Your reply is to be the lines below, exactly as written, with images omitted.

Information provided:
--- START ---

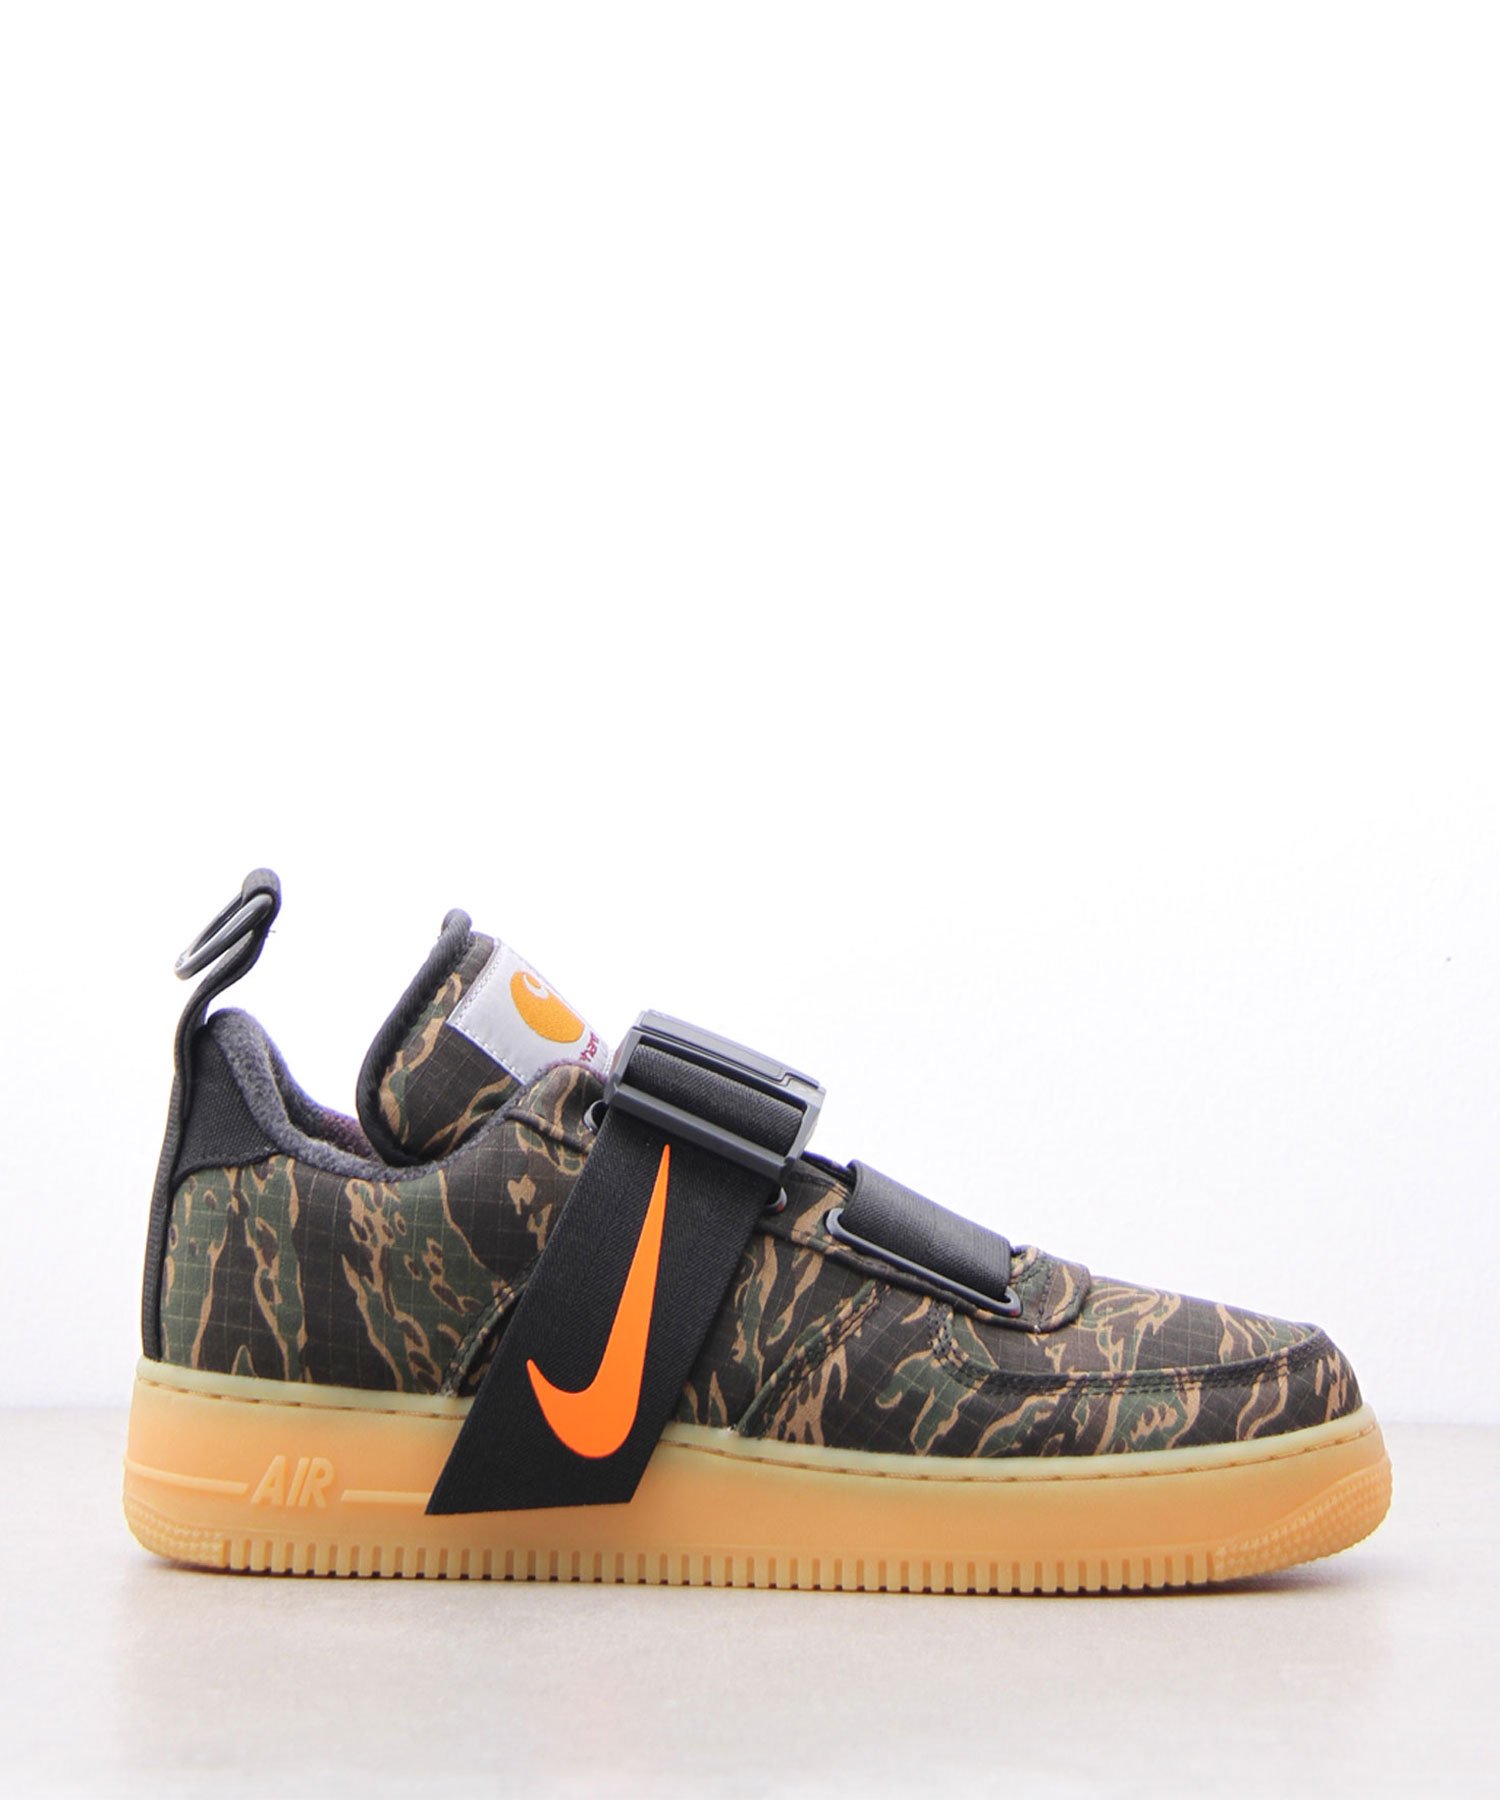 NIKE CARHARTT NIKE AIR FORE - California Outfitters |  カリフォルニアアウトフィッターズ日本公式通販サイト
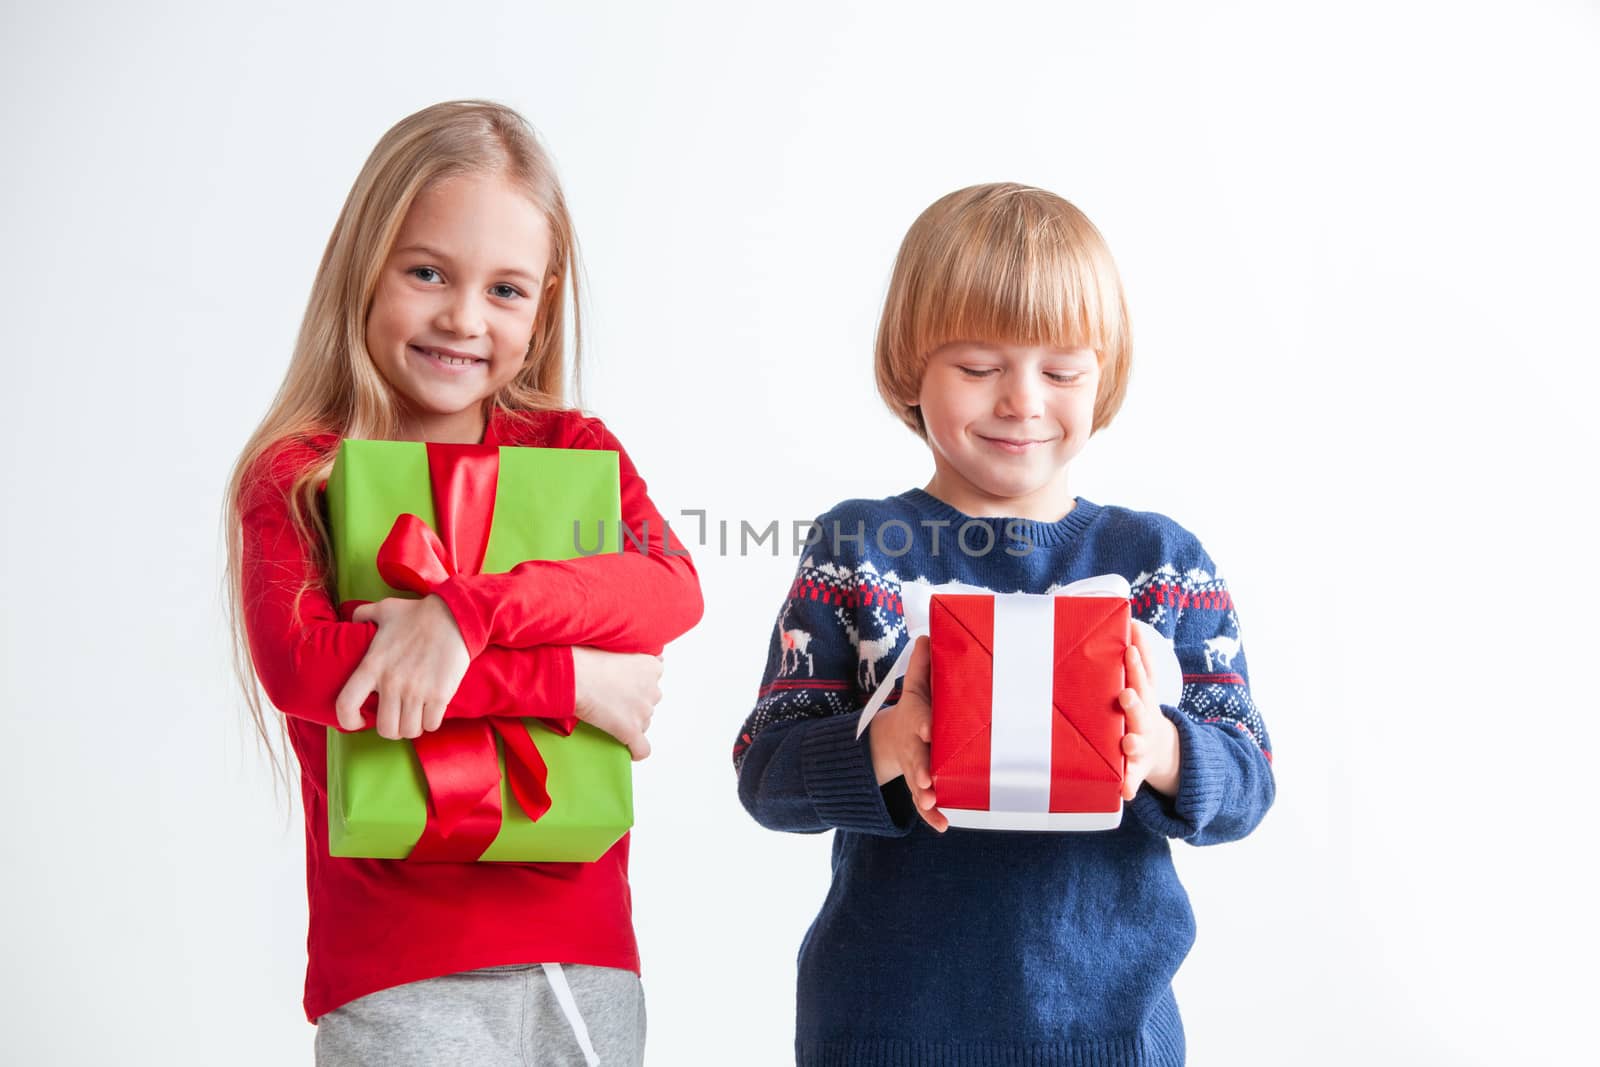 Portrait of two happy children with Christmas gift boxes on white background
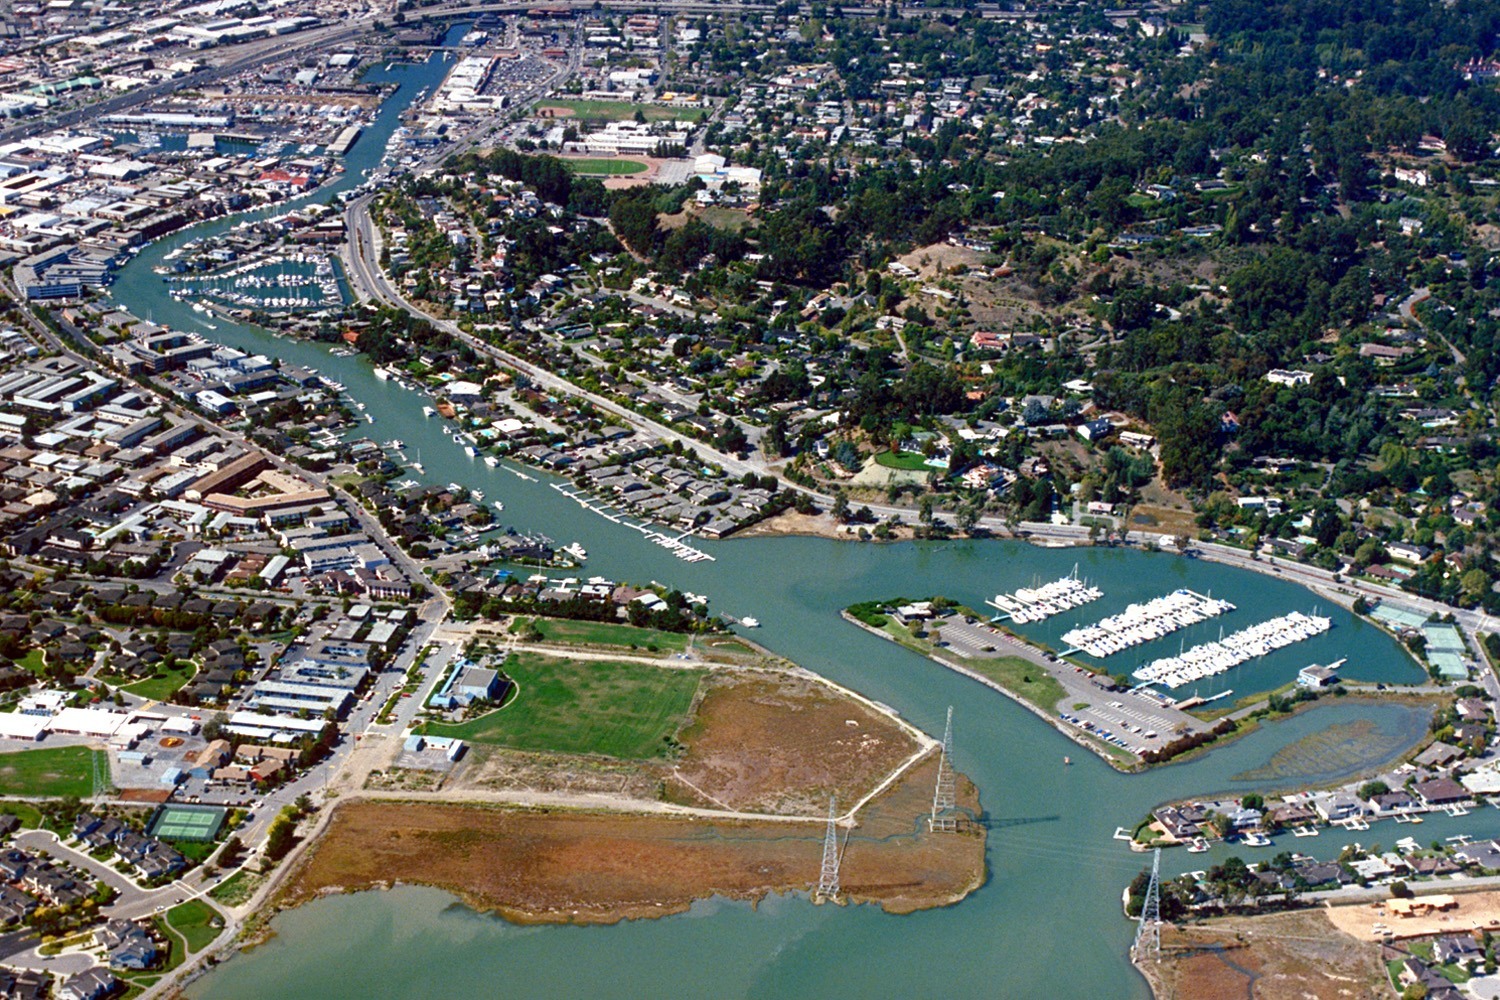 San Rafael: A Nice Place to Live and Work

--- END ---

Finished exercise:
 NIKE CARHARTT NIKE AIR FORE - California Outfitters |  カリフォルニアアウトフィッターズ日本公式通販サイト
 Portrait of two happy children with Christmas gift boxes on white background
 San Rafael: A Nice Place to Live and Work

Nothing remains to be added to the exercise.